The Mediterranean-style building, which is set to open in 2019, is named for local philanthropists Tony and Sonja Nicholson. “We feel blessed to be able to share with the Winter Park community in this way,” says Tony Nicholson, who with his wife is also namesake of the Nicholson School of Communication at the University of Central Florida and Florida Hospital’s Nicholson Center at Celebration.

“We’re excited for the impact this pavilion will have,” he adds. “Remember, this is where life begins and where we come to get the best medical attention during our lifetimes.”

Tom Yochum, past board president of the Winter Park Memorial Hospital Family Foundation, agrees that the pavilion — which represents the largest investment in the hospital’s history — will be an important step forward.

“As an almost 50-year resident of Winter Park and a patient at times in this hospital, I know this pavilion will bring to Winter Park a facility that will meet the needs of our community for a long time to come,” he says.

As soon as it opens, the pavilion will house orthopedics, followed by medical and surgical services.
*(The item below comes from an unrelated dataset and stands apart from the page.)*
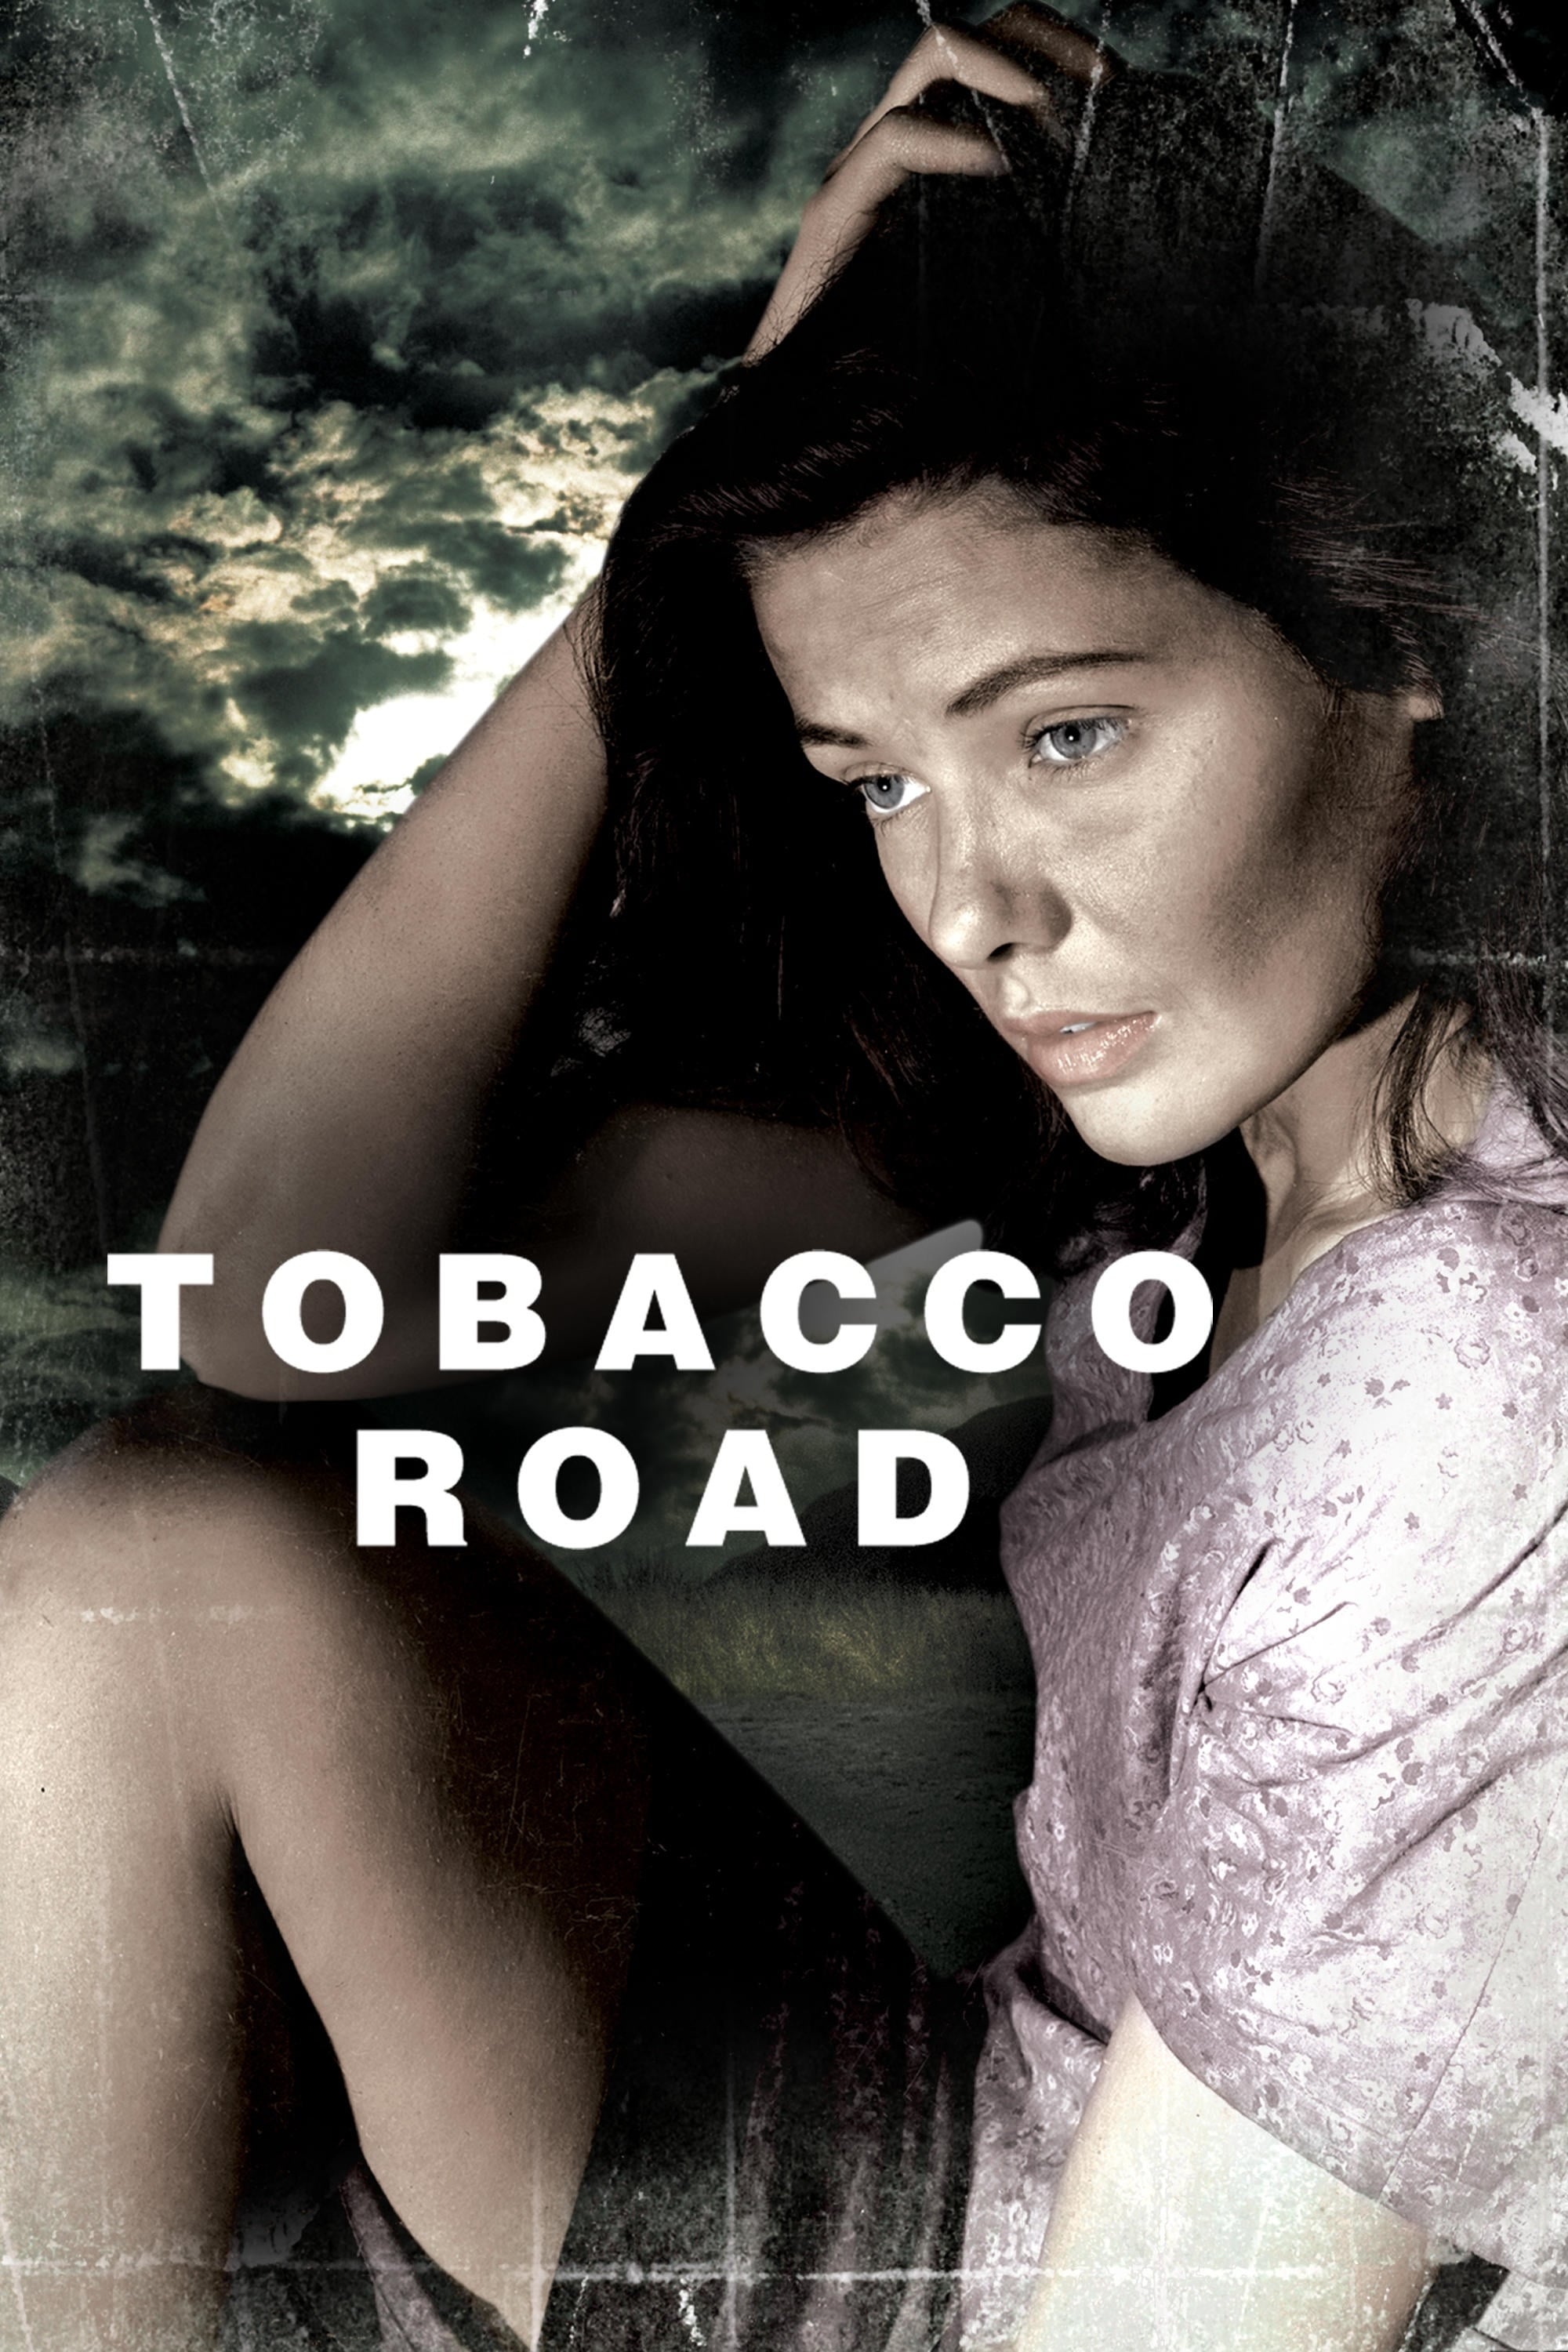 Tobacco Road (1941)

Wandersleben says there’ll also be a “legacy wall” that will tell the story of the hospital’s beginnings and celebrate its more than 60-year relationship with the community.
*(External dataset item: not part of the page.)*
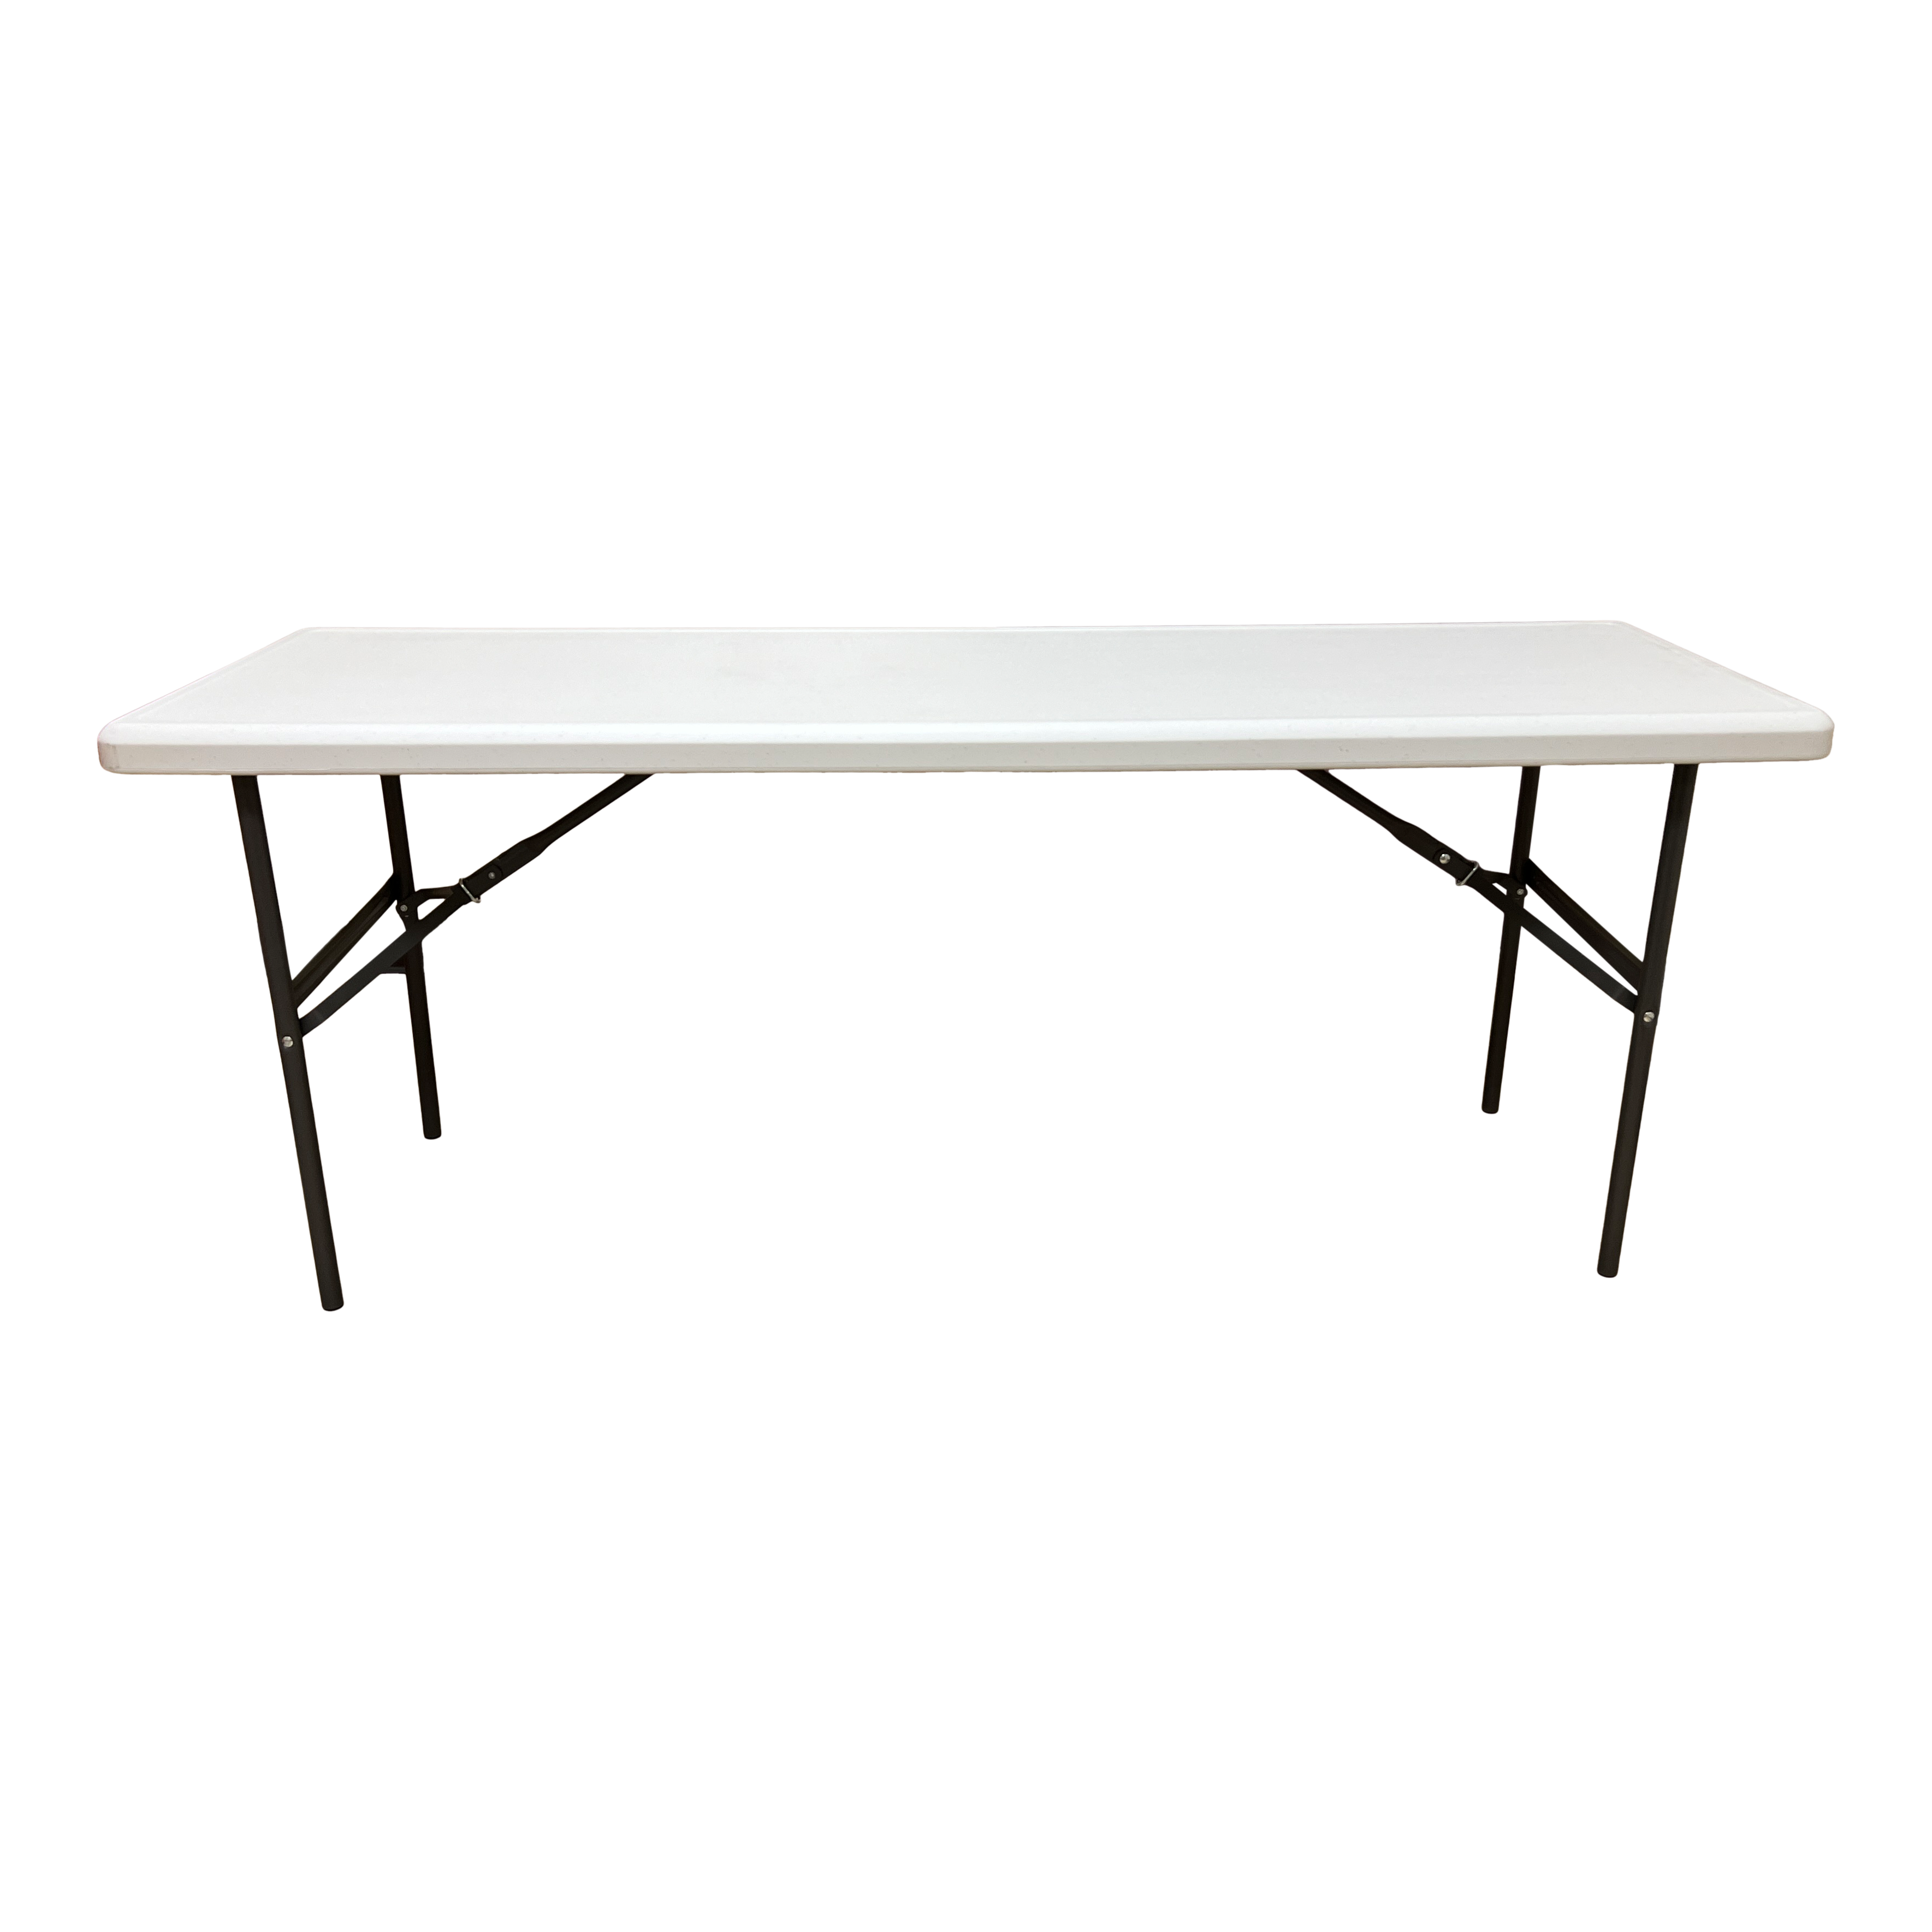 A platinum six-foot folding table.

Winter Park Memorial’s main entrance on Edinburgh Drive is beautifully designed and lushly landscaped. In the coming months, in addition to expansion projects now underway, the hospital will renovate more visible parts of the complex along busy Lakemont Avenue, where the emergency room is located.

Florida Hospital will also have a 15,000-square-foot presence in the Center for Health & Wellbeing, a $40 million facility taking shape just south of the hospital on the site of the old Philip & Peggy Crosby YMCA.

The center will boast clinical space, rooms for education and community activities, a café and demonstration kitchen as well as an upgraded Crosby Y. The hospital is planning to offer primary care, pharmacy, nutrition, physical therapy, mental health and massage therapy at the center, says Wandersleben.

Financial incentives within the healthcare industry are shifting to value wellness and not just office visits, tests and procedures, she adds. And that’s another reason why affiliating with the center makes sense: Seventh-day Adventist medical pioneers were promoting the benefits of fresh air, sunshine and healthful eating 150 years ago.

Says Wandersleben: “We’re going back to our roots.”